Faced with expanding an already-too-large building, we found an opportunity to fashion the additions using discrete and articulate massing that breaks the bulk of the building down into pavilions, hyphens, towers, and bays. The massing is then complemented with a layer of detail and ornament that is friendly, meaningful, scale-giving, and inspired by the historic forms of Charleston’s most beloved buildings. No, all of these things won’t make the new Gaillard Center disappear, but they will help this new building to fit within the community and the context of the City of Charleston.

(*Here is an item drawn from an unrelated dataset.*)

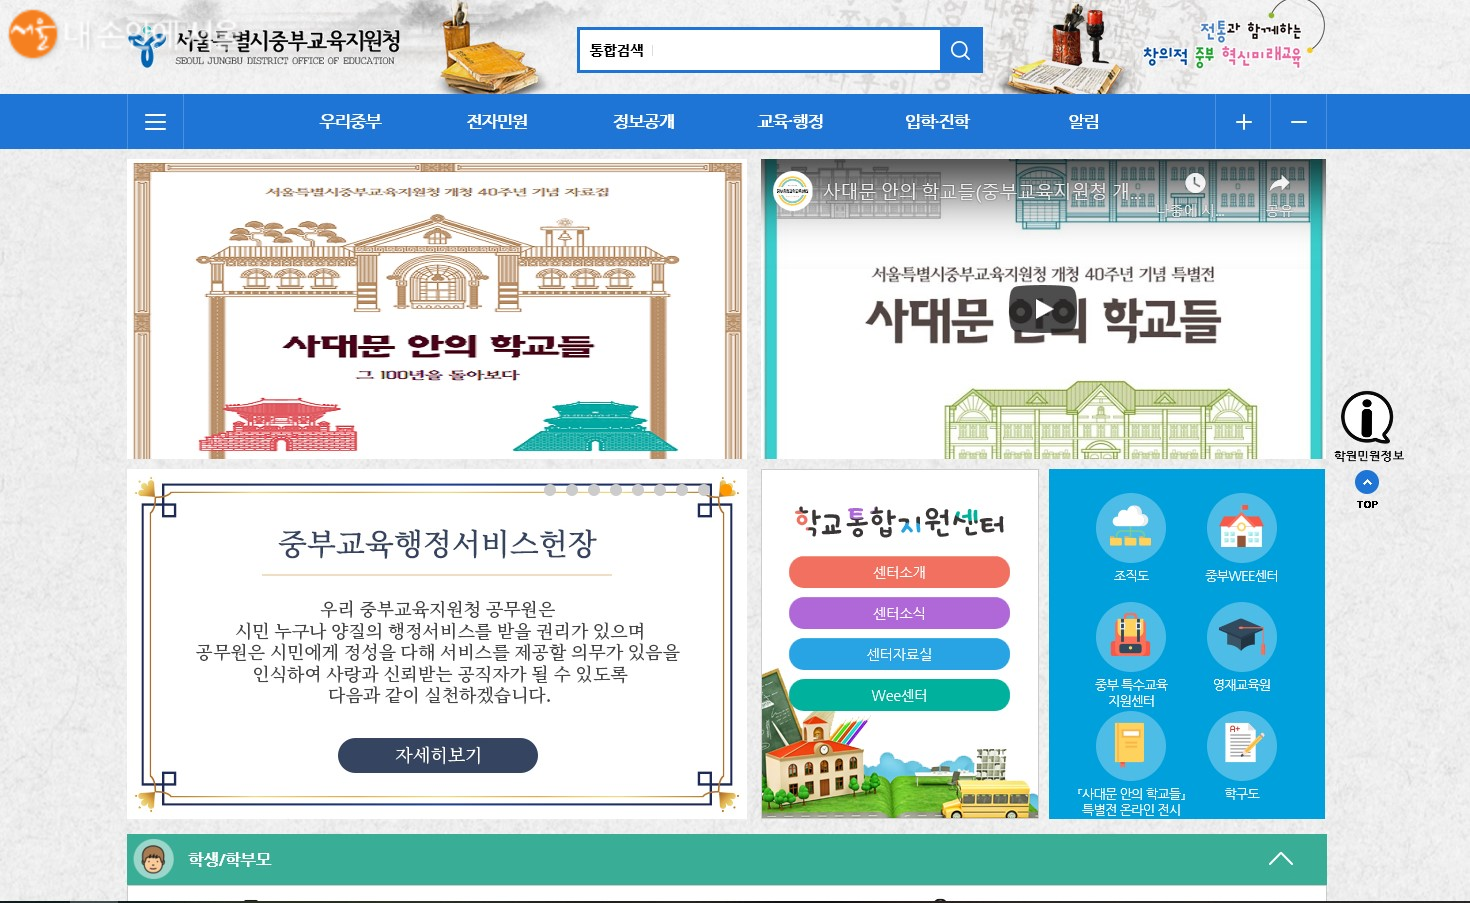 서울중부교육지원청 홈페이지에서 사대문 안의 학교들 역사자료집과 온라인 전시회를 감상할 수 있다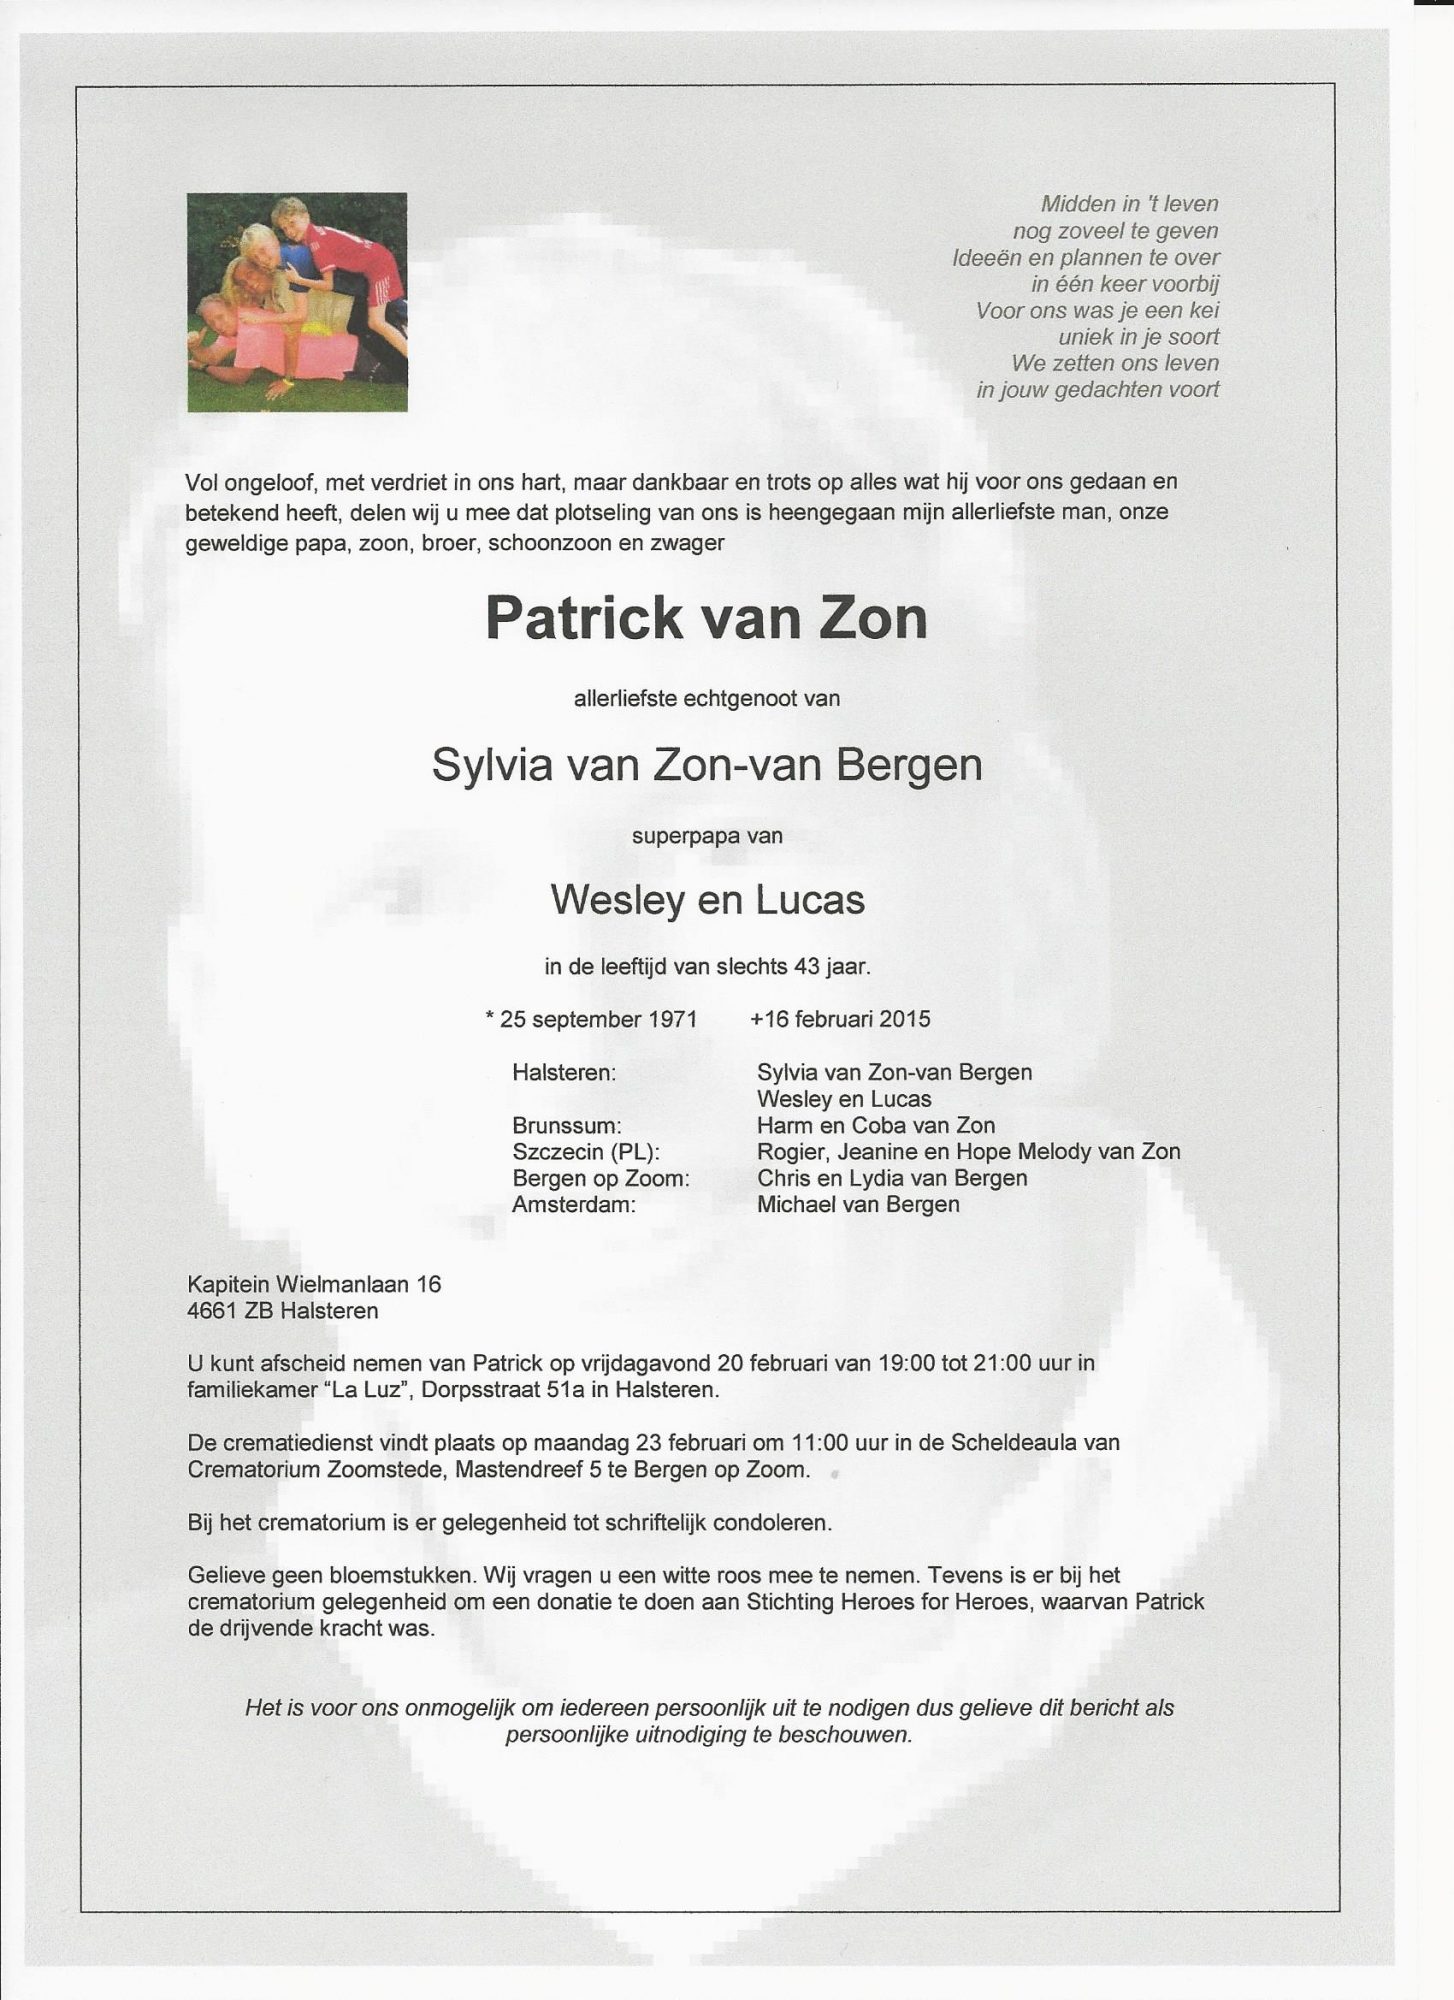 Rouwkaart Patrick van Zon

The new Gaillard Center in Charleston, South Carolina. Designed by David M. Schwarz Architects, 2010.
The new Gaillard Center in Charleston, South Carolina. Designed by David M. Schwarz Architects.

 

What to do when that larger context either doesn’t exist or isn’t well-defined? Look harder. And, when you look harder and the aspirations and ephemeral context appear to be different from the physical context that is there, you may just have to build it yourself. Designing with this particular attitude towards context does not mean we will arrive at one universally perfect solution every time if we follow this formula. We will, however, most likely be assured of arriving at a building that will be relevant to, embraced and even loved by, the greatest number of people who will see it, visit it, or touch it on any given day. This result, to me, is a major benchmark of success for our projects. Remaining relevant to the communities where I work is very important to me and what keeps me interested and engaged on any given day.